Miereneter identiteitskaart

de miereneter (Myrmecophaga tridactyla) behoort tot de orde Pilose en de familie Myrmecophagidae. Ook wel grote miereneter of reuzenmiereneter genoemd, het dier evolueert al miljoenen jaren in de tropische wouden van Zuid-Amerika. Samen met gordeldieren en luiaards vormt het de superorde Xenarthra, een groep tandeloze placenta-zoogdieren met plantigrade ledematen met sterke klauwen. De miereneter kan 2 meter lang worden en tot 50 kg wegen.

Beschrijving van de miereneter

De miereneter heeft een dikke, ruwe bruinachtige vacht die hem beschermt tegen insectenbeten. Twee zwart-witte zijbanden markeren de nek en schouders. Zijn dikke manen volgen zijn rug tot een zeer borstelige staart zo lang als zijn lichaam. Zijn poten zijn wit aan de voorkant en grijs aan de achterkant. Zijn plantigrade ledematen hebben vijf klauwen, waarvan de middelste drie meer ontwikkeld en gebogen zijn omdat ze geschikt zijn om te graven. Zijn hoofd wordt gekenmerkt door rudimentaire oren en kleine ogen. Zijn grote snuit is een benige buis die wel 60 cm lang kan worden. Zonder tanden heeft hij een zeer dunne tong van gemiddeld 50 cm.

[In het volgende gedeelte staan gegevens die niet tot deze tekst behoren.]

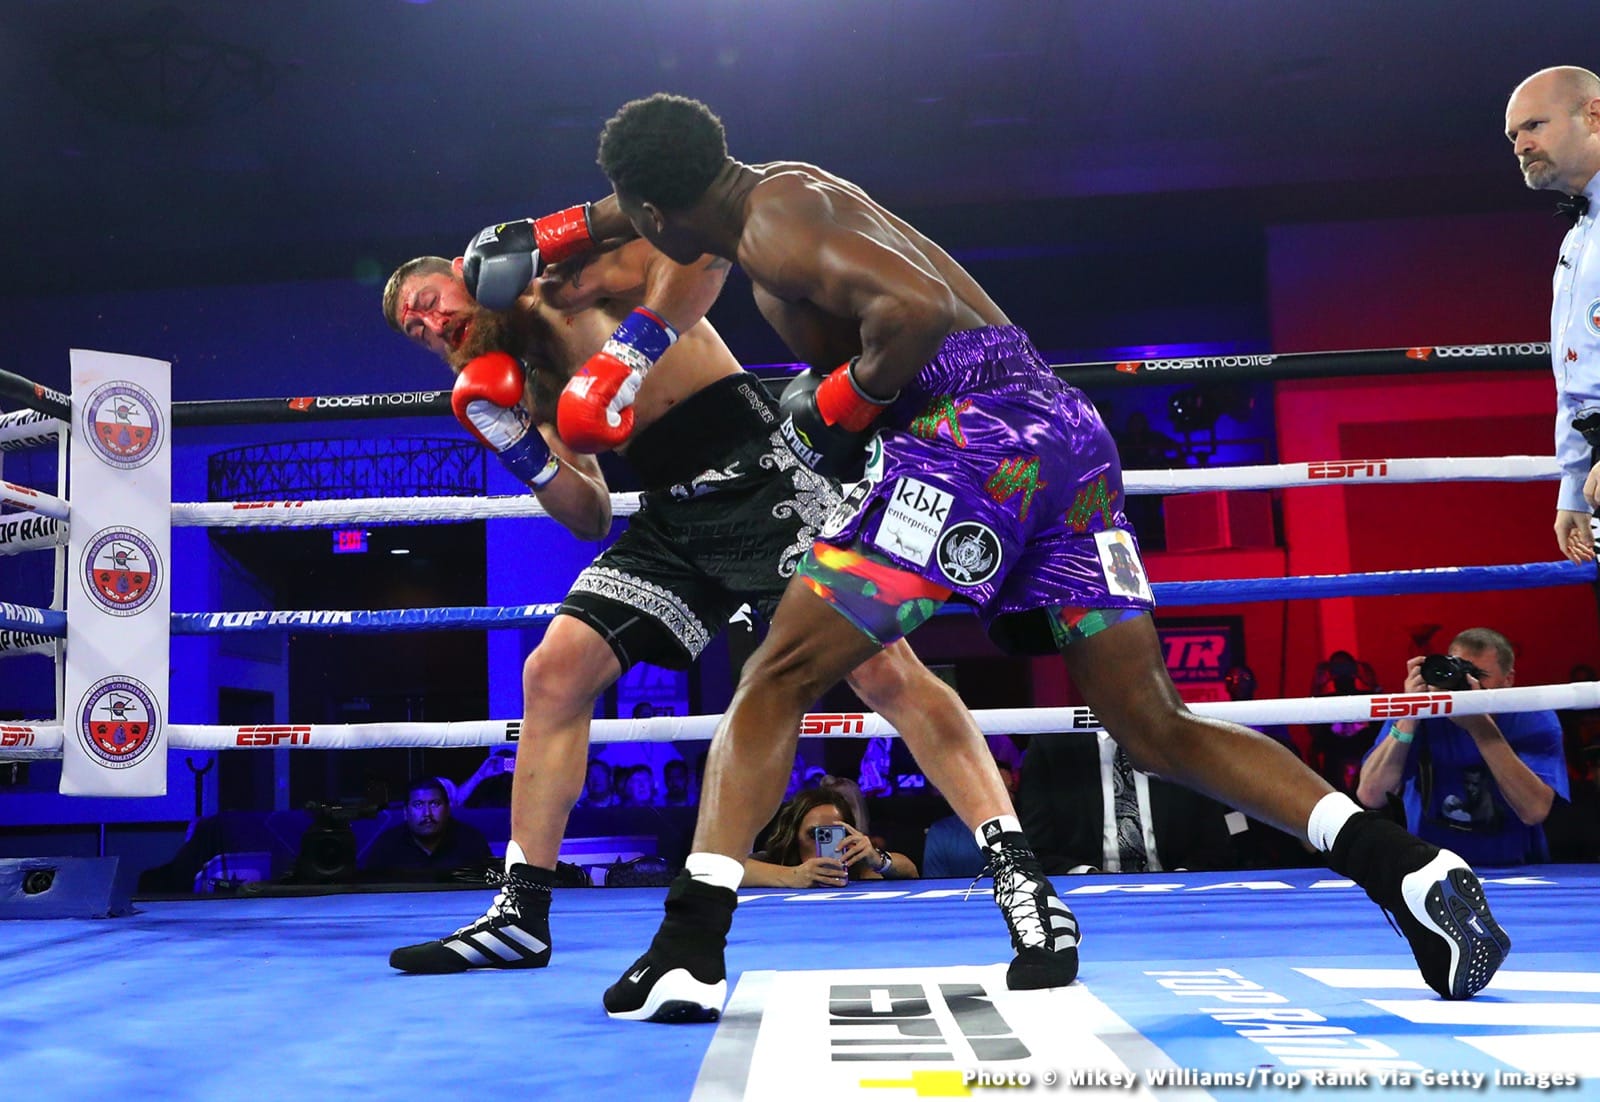 Isaac Dogboe Outpoints Gonzalez - Boxing Results

Verspreiding en leefgebied van de miereneter

De miereneter komt in heel Midden- en Zuid-Amerika voor. De grenzen van zijn verspreidingsgebied beginnen vanaf het schiereiland Yucatán (Mexico) en dalen af ​​naar Uruguay, bereiken het noorden van Argentinië en eindigen ten oosten van het Andesgebergte. In deze regio’s komt hij vaak voor in moerassen, vochtige en droge tropische bossen, doornige struikgewas, graslanden en savannes. De miereneter voedt zich in open gebieden en geeft de voorkeur aan meer beboste gebieden om te rusten.

miereneter dieet

De miereneter voedt zich voornamelijk met mieren, termieten en zachtaardige ongewervelde dieren. Hij gebruikt de klauwen van zijn voorpoten om de grond te graven of de stammen van bomen te doorzoeken. Dan steekt hij zijn smalle snuit in de opening en steekt zijn lange, kleverige, met speeksel bedekte tong diep om snel honderden Insecten te vangen. Het kan af en toe rijpe bessen en fruit inslikken. De grotere miereneter lest zelden zijn dorst omdat hij het meeste water dat hij nodig heeft in de mieren vindt. Soms gebeurt het om de bladeren bedekt met dauw of regendruppels te likken, maar ook om te drinken bij waterpunten.

miereneter gedrag

Als hij niet foerageert, slaapt de miereneter tot 16 uur per dag in een gat dat hij in de grond heeft gegraven of in een struikgewas van dichte begroeiing. Dus krult hij zich op en gebruikt zijn staart zowel als dekking als camouflage. Namelijk dat het dier een lichaamstemperatuur heeft die tot de laagste van alle zoogdieren behoort (32°).De reuzenmiereneter staat niet bekend om zijn goede gezichtsvermogen of fijn gehoor, maar zijn reukvermogen is extreem ontwikkeld. De meeste zijn nogal eenzaam, de zeldzame toenaderingen vinden plaats tussen de moeder en haar jongen en tijdens het paren.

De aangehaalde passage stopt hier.